In 2002, for the first time, it was reported that the peripheral blood mononuclear cells transcribe ppN/OFQ [30]. Additionally, it was reported that N-formyl-methionine-leucine-phenylalanine-(fMLP-) stimulated polymorphonuclear neutrophils rapidly secrete N/OFQ by exocytosis, indicating that at least in neutrophils this neuropeptide is stored in preformed vesicles rather than de novo synthesized [32]. Nowadays, it is accepted that numerous immune cells were found to secrete N/OFQ, thus pointing to these inflammatory cells as a source of N/OFQ. Importantly, several inflammatory mediators including bacterial products (i.e., lipopolysaccharide, LPS) and cytokines could modulate both the transcription of ppN/OFQ mRNA and its protein expression [33, 34]. Therefore, N/OFQ seems to act as a paracrine, autocrine, and/or endocrine immunomodulator, since activated immune cells led to the induction of NOP receptor mRNA, and the same activated cells were able to express N/OFQ.

Based on in vitro and in vivo studies, many biological actions were reported for N/OFQ and NOP receptor system in modulating immune functions. In vitro studies have shown that N/OFQ evokes chemotaxis of polymorphonuclear [31] and human monocytes [35], and when injected in murine air pouches (an animal model to study leukocyte infiltration in vivo), N/OFQ elicits leukocyte infiltration in a concentration-dependent manner [31].

Further studies aiming to investigate the mechanisms by which N/OFQ stimulates chemotactic responses suggest that these effects are mediated by NOP receptors, since the selective blockade of NOP receptors prevent these actions [35]. It was found also that N/OFQ-stimulated polymorphonuclear neutrophils infiltration was inhibited by treating mice with a synthetic analog of the aspirin-triggered lipid mediator 15-epi-lipoxin A4 [31]. Taken together, these data suggest that N/OFQ, via activation of NOP receptor signaling, acts as a potent chemoattractant, possibly due to the involvement of arachidonic acid products.

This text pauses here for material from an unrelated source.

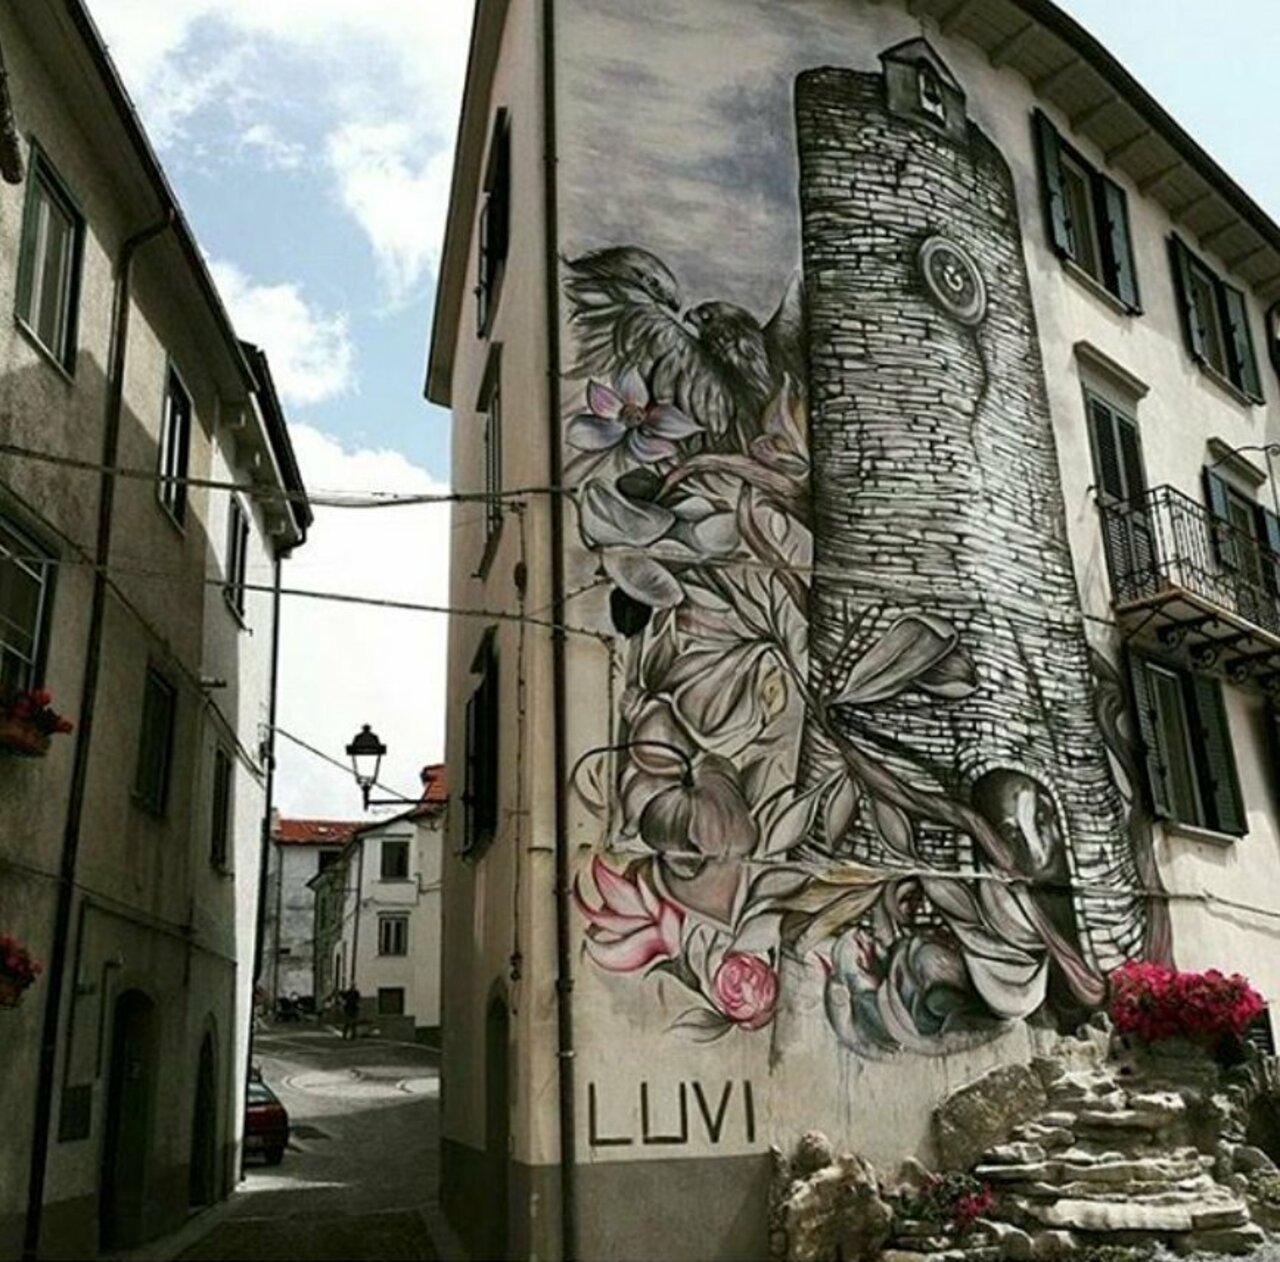 Nice wall by Italian artist Luvi in Molise, Italy (2017) #streetart #artderue #straßenkunst #artedelcalle #стритарт #граффити #urbanart #arteurbano #mural #graffiti #wallart #luvi #molise #italy #italia  via Pinterest | https://goo.gl/hvfhvC https://t.co/ov5LTVYDFj

Evidence from the literature also suggests that N/OFQ-NOP receptor system plays a role in regulating chemoattractant responses of leukocytes through chemokine suppression [36]. Chemokines are now known to be involved in mediating chemotaxis, integrin activation and leukocyte-endothelial cell interactions, leukocyte degranulation, and release of inflammatory mediators and angiogenesis ([37, 38]; for a review, see [39]). Kaminsky and Rogers [36] reported that N/OFQ suppresses the production of CCL2/MCP-1 and CCL5/RANTES chemokine protein in both primary CD14+ human monocytes and monocyte-like cell lines. However, this suppression does not seem to be at the level of transcription, as N/OFQ treatment did not alter the mRNA levels for these chemokines in monocytes.

A series of data support a modulatory effect of N/OFQ under cellular immunity, as summarized below. Peluso and colleagues [40] demonstrated that in vitro N/OFQ could decrease the proliferative response of human peripheral blood mononuclear cells stimulated with phytohemagglutinin. Miller and Fulford [34] have found that both the IL-2 production and T lymphocyte proliferation induced by the mitogen Con A were inhibited by N/OFQ.

Elegant data described by researchers from McLeod’s Laboratory have elucidated the mechanism by which N/OFQ modulates human T-cell response. First, the authors showed that N/OFQ inhibits the proliferative response of T cells activated by staphylococcal enterotoxin B (SEB) presented by Chinese Hamster Ovary (CHO) cells transfected with human HLA DR4 and CD80 [41], and in a subsequent work, they showed that the suppressive effect of N/OFQ on the T-cell proliferation could be blocked by the NOP receptor antagonist UFP-101, an anti-CD80 antibody, an inactivator of transforming growth factor-β (TGF-β LAP), L-NAME, and L-NMMA (both NOS inhibitors). They also have shown that N/OFQ induces the expression of the immunosuppressive modulator indoleamine 2,3-dioxygenase (IDO) [42]. In view of the factors modulating IDO expression, it was suggested that N/OFQ decreases T-cell proliferation through IDO expression by a mechanism involving IFN-γ, TGF-β, prostaglandin and nitric oxide.

The ability of N/OFQ-NOP receptor system in modulating humoral immunity was also described in the literature. Recently, it has been demonstrated that N/OFQ, added in vitro to murine spleen cells at picomolar concentrations, caused a significant suppression of antibody formation against sheep red blood cells, which was reversed by NOP antagonists [43]. In addition, N/OFQ given in vivo by osmotic pump for 48 h suppressed the capacity of spleen cells cultured ex vivo to produce anti-sheep red blood cell antibody [43]. These studies showed that N/OFQ directly inhibits an adaptive immune response, that is, antibody production, both in vitro and in vivo.

In agreement with the evidence for an immunosuppressive effect evoked by N/OFQ, Du and colleagues [44] have shown that in normal rats the intracerebroventricular administration of N/OFQ, at nmol doses, reduced the NK cell activity. However, in rats under surgical trauma, N/OFQ antagonised the immune function depression, and this anti-immunosuppression evoked by N/OFQ was completely reversed by the pretreatment with the antisense oligonucleotide to NOP receptor mRNA [44]. Taken together, a growing body of evidence suggests a complex role for N/OFQ in modulating, by inhibiting or activating, immune functions depending on the nature of the stimuli.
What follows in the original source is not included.